Return each line below exactly as it reads, and omit any image in it.

• _Given material_:
+++

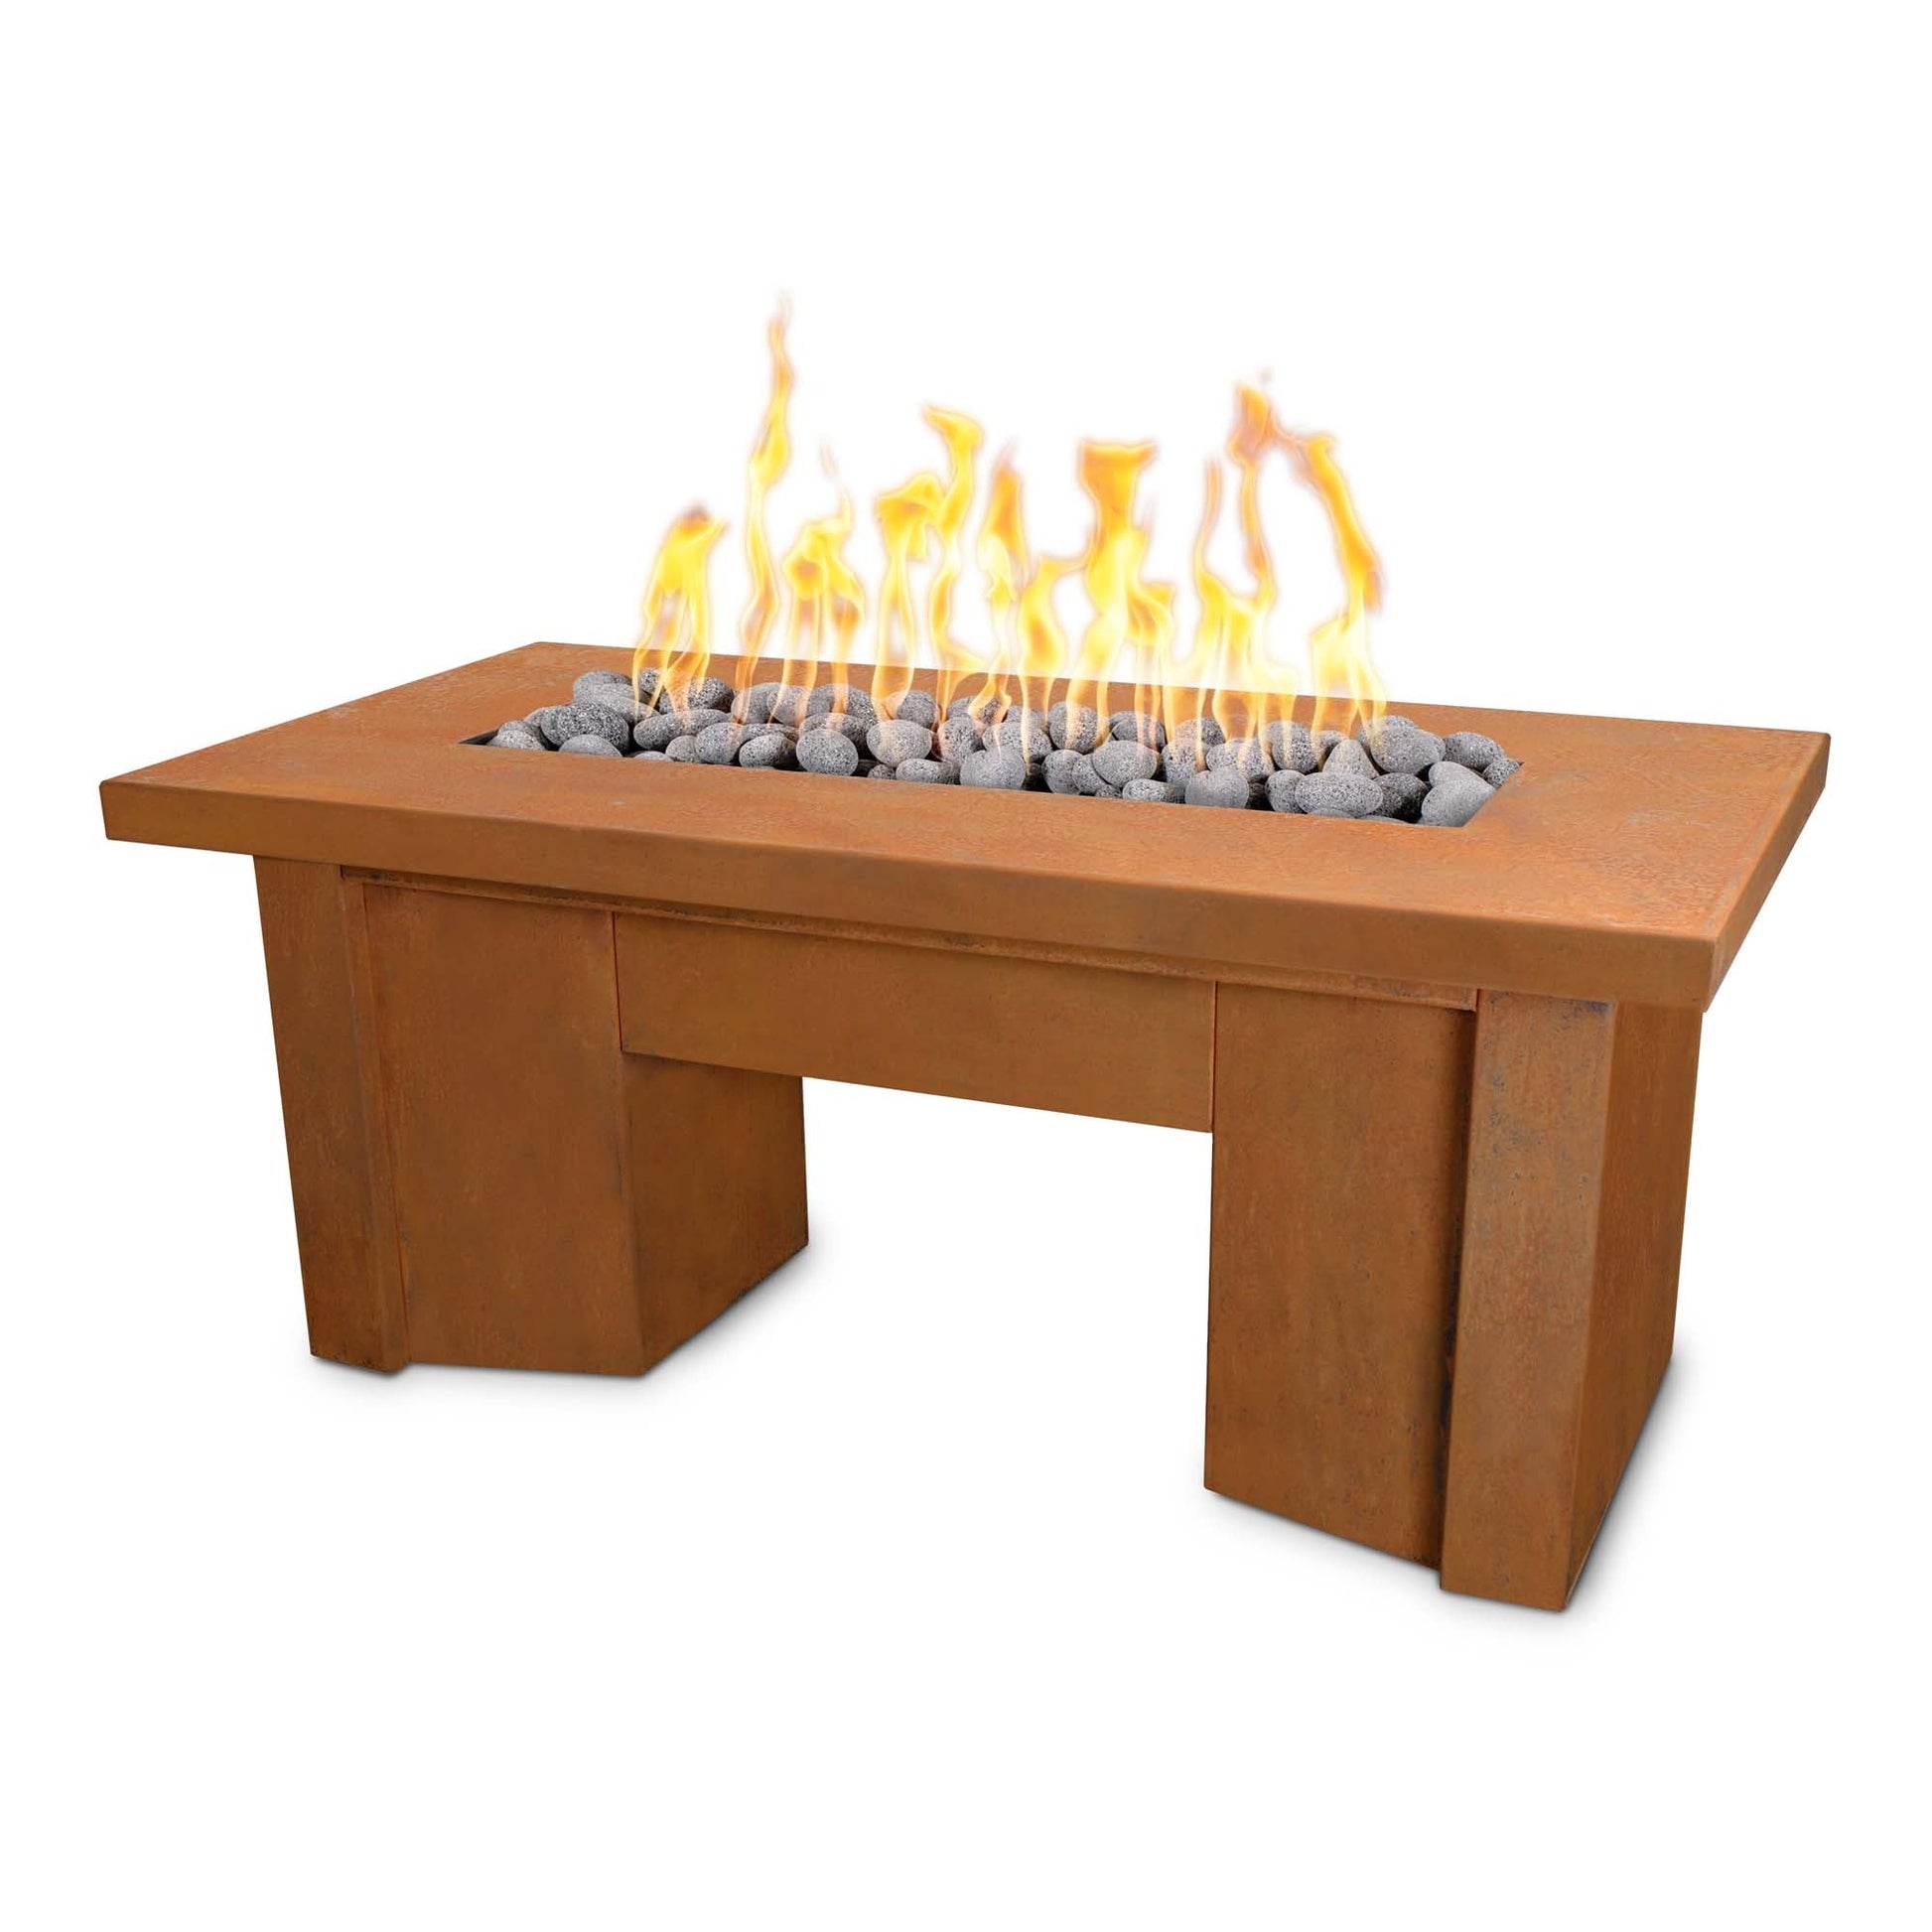 The Outdoor Plus Rectangular Alameda 60" Corten Steel Liquid Propane Fire Pit with Match Lit Ignition
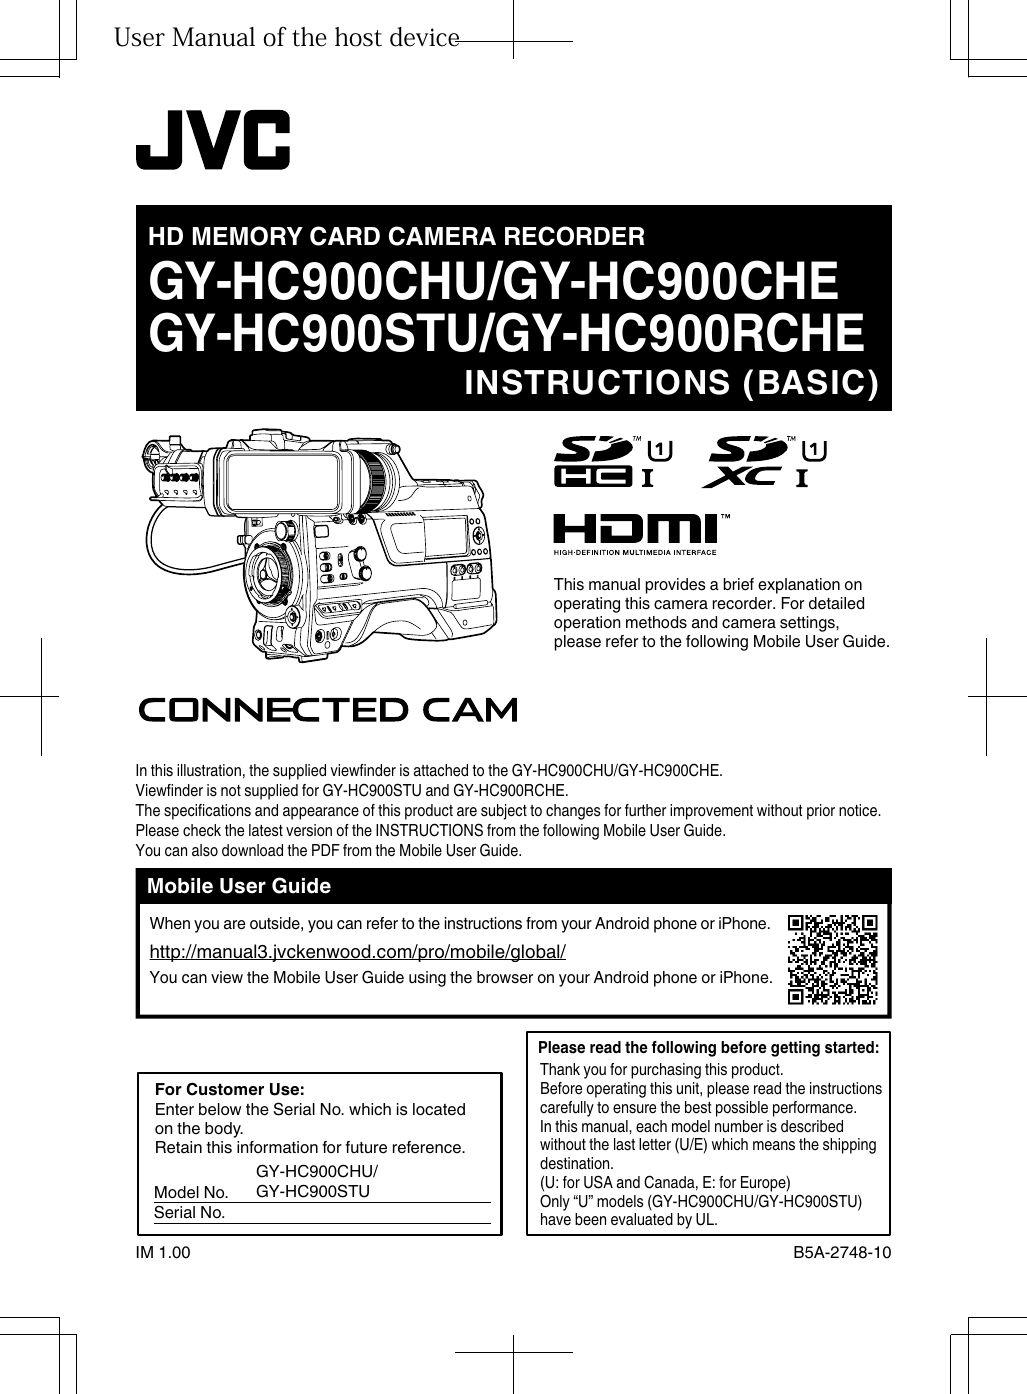 .GY-HC900CHU/GY-HC900CHEGY-HC900STU/GY-HC900RCHEIM 1.00 B5A-2748-10HD MEMORY CARD CAMERA RECORDERINSTRUCTIONS (BASIC)In this illustration, the supplied viewfinder is attached to the GY-HC900CHU/GY-HC900CHE.Viewfinder is not supplied for GY-HC900STU and GY-HC900RCHE.The specifications and appearance of this product are subject to changes for further improvement without prior notice.Please check the latest version of the INSTRUCTIONS from the following Mobile User Guide. You can also download the PDF from the Mobile User Guide.This manual provides a brief explanation on operating this camera recorder. For detailed operation methods and camera settings, please refer to the following Mobile User Guide.Mobile User GuideWhen you are outside, you can refer to the instructions from your Android phone or iPhone.http://manual3.jvckenwood.com/pro/mobile/global/You can view the Mobile User Guide using the browser on your Android phone or iPhone.Thank you for purchasing this product.Before operating this unit, please read the instructions carefully to ensure the best possible performance.In this manual, each model number is described without the last letter (U/E) which means the shipping destination.(U: for USA and Canada, E: for Europe)Only “U” models (GY-HC900CHU/GY-HC900STU) have been evaluated by UL.Please read the following before getting started: For Customer Use: Model No. Serial No.Enter below the Serial No. which is located on the body.Retain this information for future reference.GY-HC900CHU/GY-HC900STUUser Manual of the host device
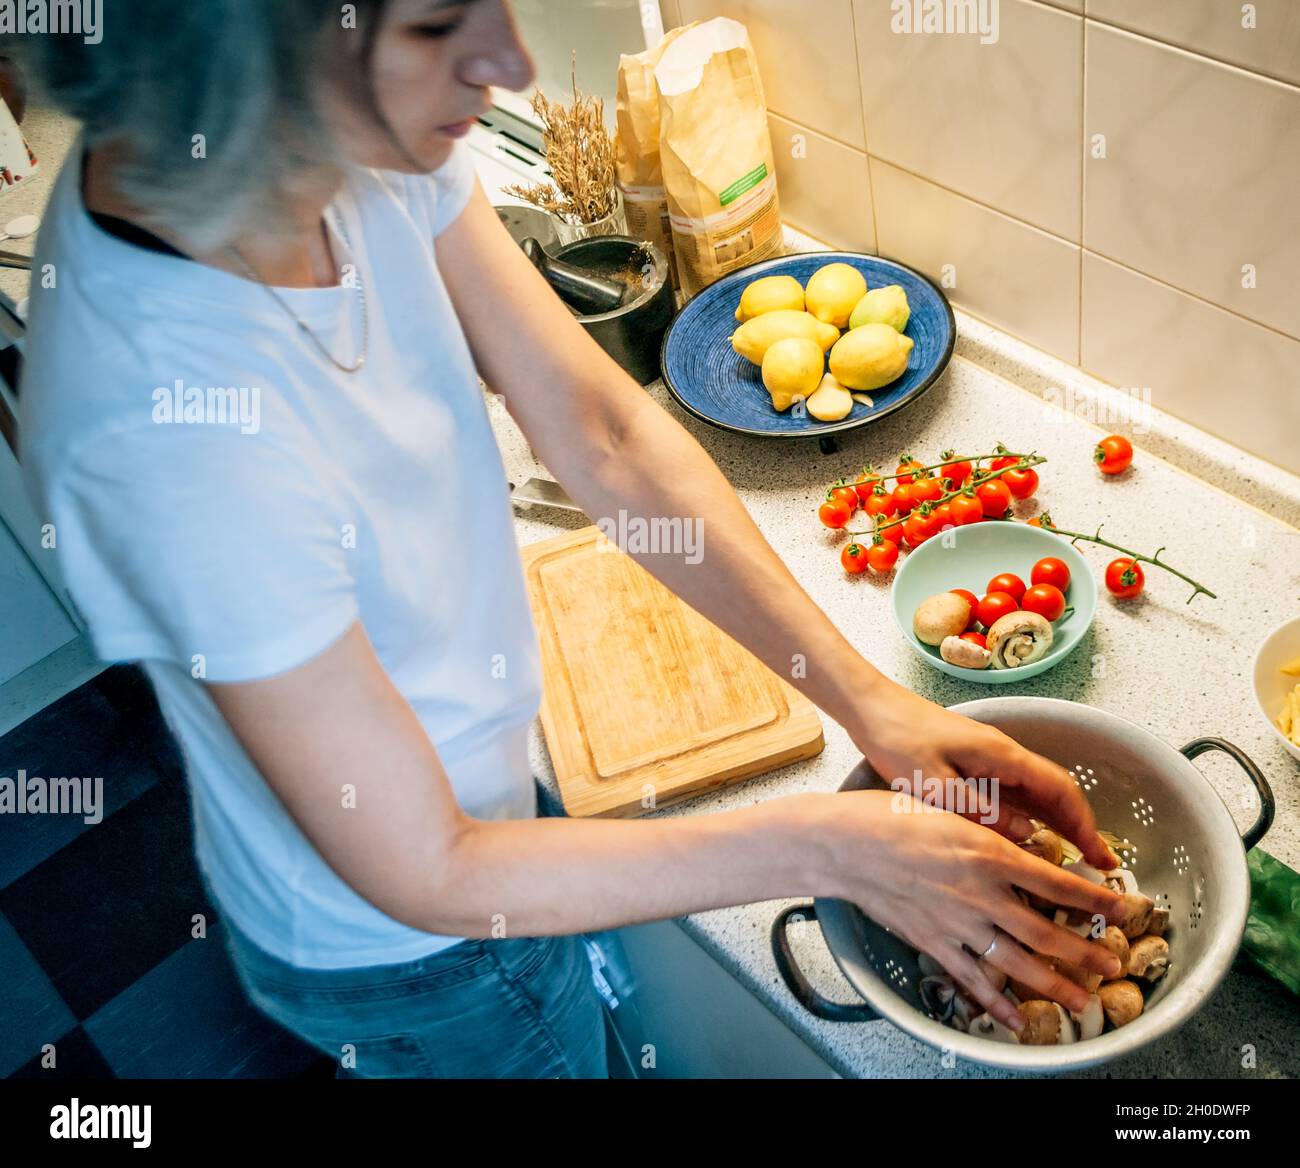 A woman puts vegetables in a colander while cooking dinner Stock Photo
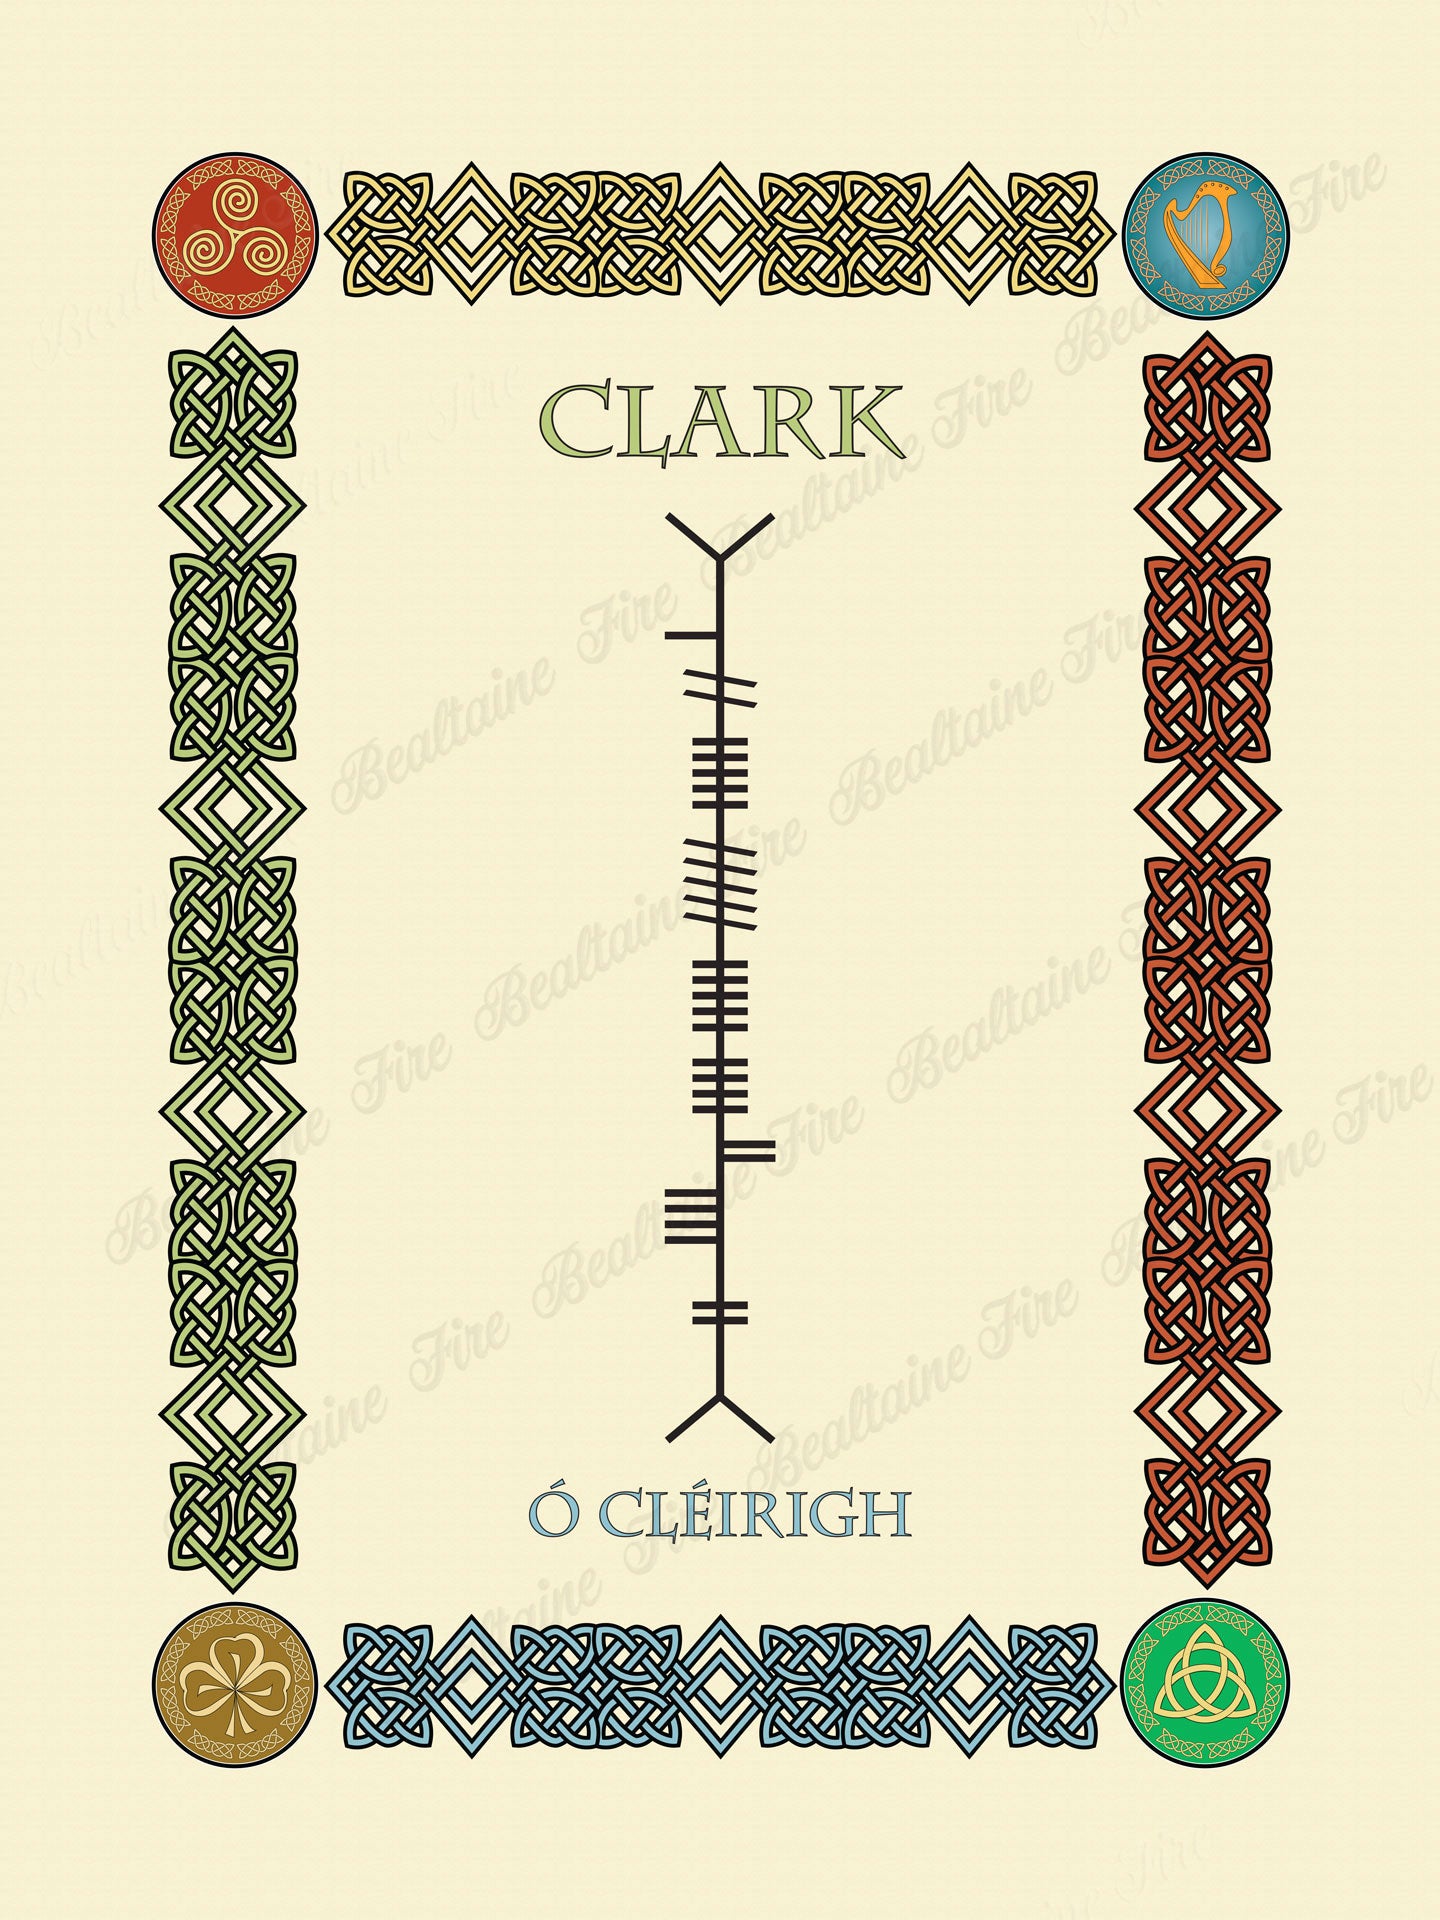 Clark in Old Irish and Ogham - PDF Download

+++

• _Written answer_:
 The Outdoor Plus Rectangular Alameda 60" Corten Steel Liquid Propane Fire Pit with Match Lit Ignition
 .GY-HC900CHU/GY-HC900CHEGY-HC900STU/GY-HC900RCHEIM 1.00 B5A-2748-10HD MEMORY CARD CAMERA RECORDERINSTRUCTIONS (BASIC)In this illustration, the supplied viewfinder is attached to the GY-HC900CHU/GY-HC900CHE.Viewfinder is not supplied for GY-HC900STU and GY-HC900RCHE.The specifications and appearance of this product are subject to changes for further improvement without prior notice.Please check the latest version of the INSTRUCTIONS from the following Mobile User Guide. You can also download the PDF from the Mobile User Guide.This manual provides a brief explanation on operating this camera recorder. For detailed operation methods and camera settings, please refer to the following Mobile User Guide.Mobile User GuideWhen you are outside, you can refer to the instructions from your Android phone or iPhone.http://manual3.jvckenwood.com/pro/mobile/global/You can view the Mobile User Guide using the browser on your Android phone or iPhone.Thank you for purchasing this product.Before operating this unit, please read the instructions carefully to ensure the best possible performance.In this manual, each model number is described without the last letter (U/E) which means the shipping destination.(U: for USA and Canada, E: for Europe)Only “U” models (GY-HC900CHU/GY-HC900STU) have been evaluated by UL.Please read the following before getting started: For Customer Use: Model No. Serial No.Enter below the Serial No. which is located on the body.Retain this information for future reference.GY-HC900CHU/GY-HC900STUUser Manual of the host device
 A woman puts vegetables in a colander while cooking dinner Stock Photo
 Clark in Old Irish and Ogham - PDF Download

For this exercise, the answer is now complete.